Ces instituts doivent donc adapter judicieusement leurs observances et usages aux nécessités de l’apostolat qui leur incombe. Mais comme la vie religieuse vouée aux œuvres apostoliques revêt des formes multiples, il faut que sa rénovation adaptée tienne compte d’une telle diversité et que, dans les différents instituts, la vie des religieux au service du Christ soit soutenue par les moyens qui leur sont propres et leur conviennent.
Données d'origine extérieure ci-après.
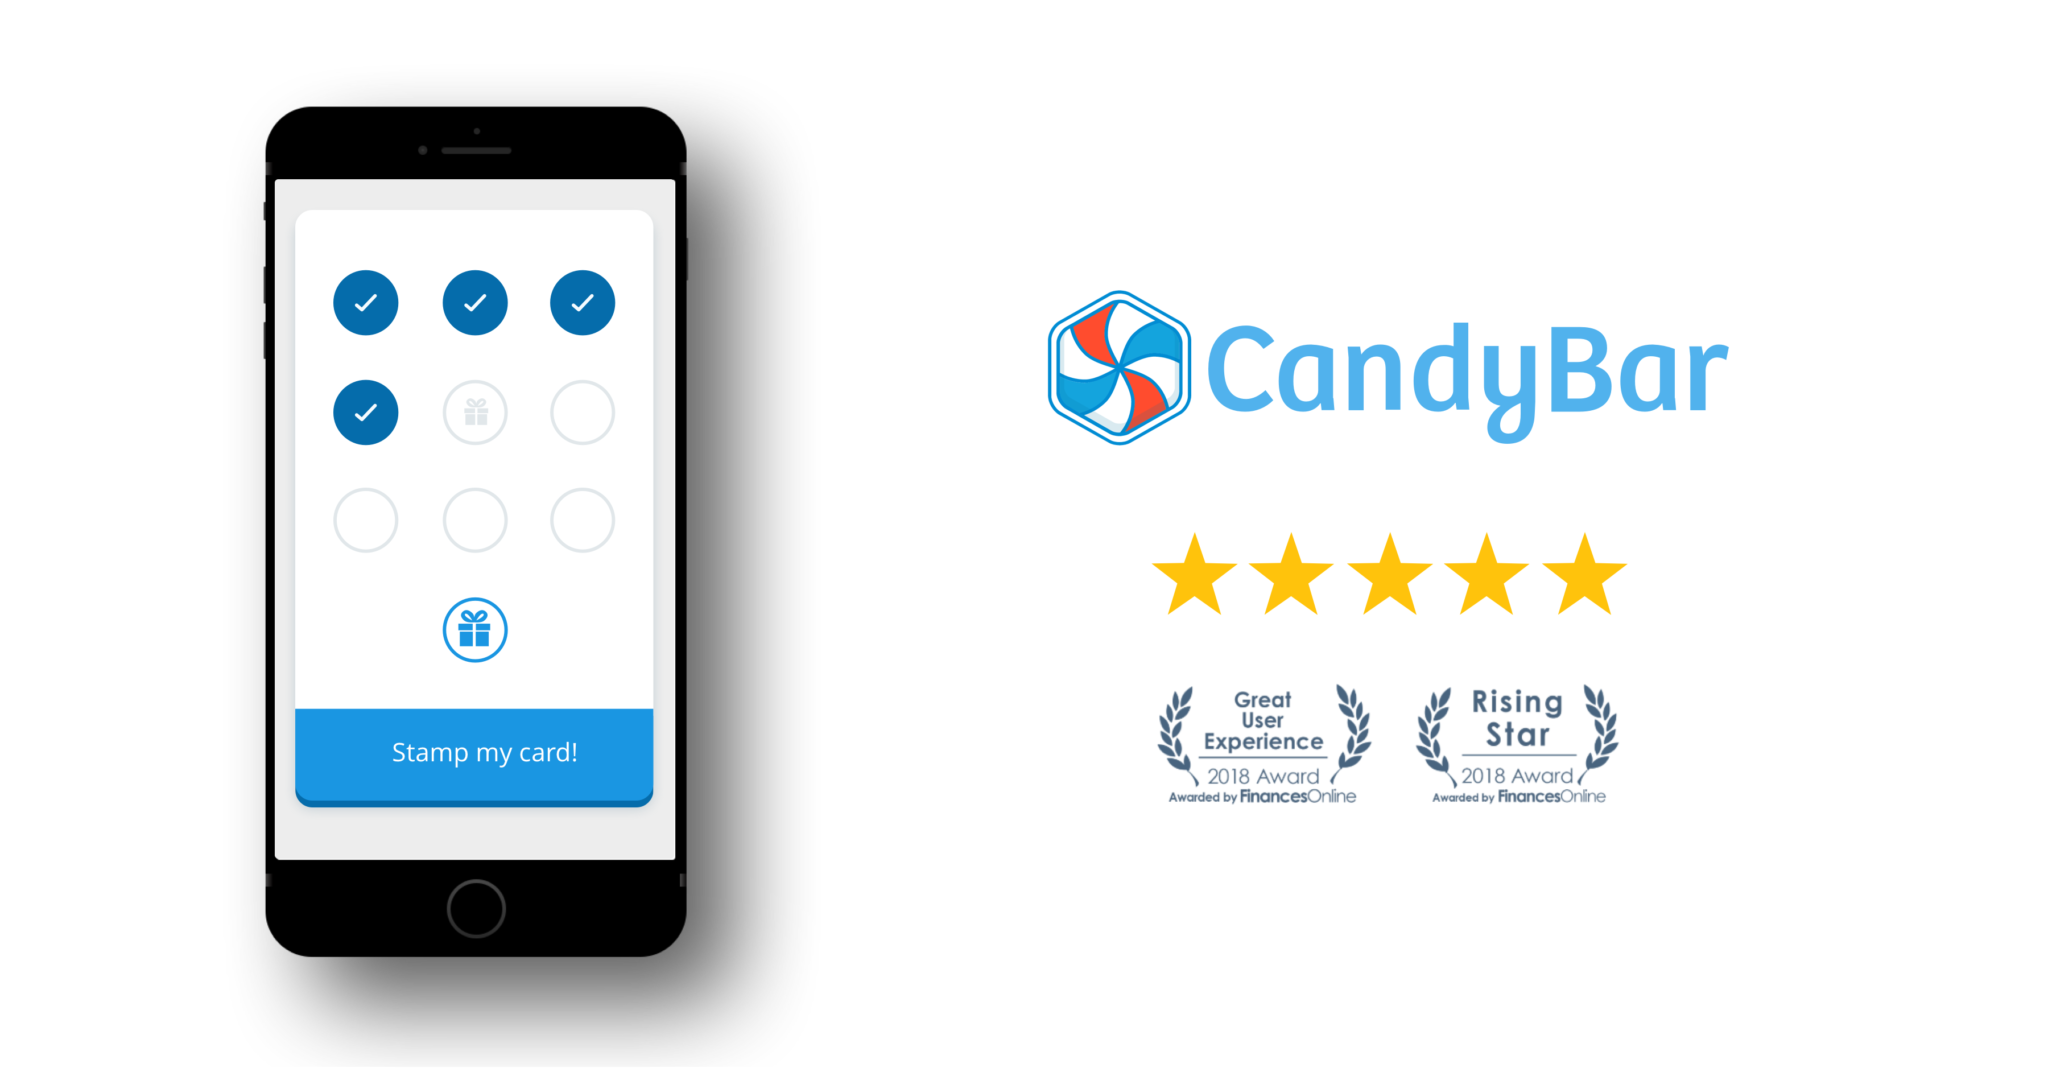 candybar awarded user satisfaction, great experience

9. Maintien de la vie monastique et conventuelle
Que l’on maintienne fidèlement et que l’on fasse toujours mieux ressortir dans son véritable esprit, tant en Orient qu’en Occident, la vénérable institution de la vie monastique qui, tout au long des siècles, a si bien mérité de l’Église et de la société. Le principal office des moines est l’humble et noble service de la divine Majesté dans le cadre du monastère, soit qu’ils se consacrent entièrement dans une vie cachée au culte divin, soit que légitimement ils prennent en charge quelque œuvre d’apostolat ou de charité chrétienne. Sauvegardant donc leur caractère propre, qu’ils renouvellent leurs antiques et bienfaisantes traditions et les adaptent aux besoins actuels des âmes de sorte que les monastères soient comme des centres vivants d’édification du peuple chrétien.
De même, les sociétés religieuses qui, de par leur règle ou leur institution, associent intimement la vie apostolique à l’office choral et aux observances monastiques, harmoniseront leur genre de vie avec les exigences de l’apostolat qui leur convient de façon à conserver fidèlement leur forme de vie pour le plus grand bien de l’Église.
10. La vie religieuse laïque
La vie religieuse laïque, qu’il s’agisse des hommes ou des femmes, constitue en soi un état complet de la profession des conseils évangéliques. Cette vie, si utile à la charge pastorale de l’Église pour l’éducation de la jeunesse, le soin des malades et d’autres formes d’apostolat, le saint Concile la tient en grande considération, confirme ses membres dans leur vocation et les exhorte à adapter leur vie aux exigences du monde actuel. Le saint Concile déclare que, dans les instituts de Frères, rien n’empêche que, de par une disposition du chapitre général, étant fermement maintenu le caractère laïc de ces instituts, quelques membres reçoivent les ordres sacrés pour subvenir aux besoins du ministère sacerdotal dans leurs maisons.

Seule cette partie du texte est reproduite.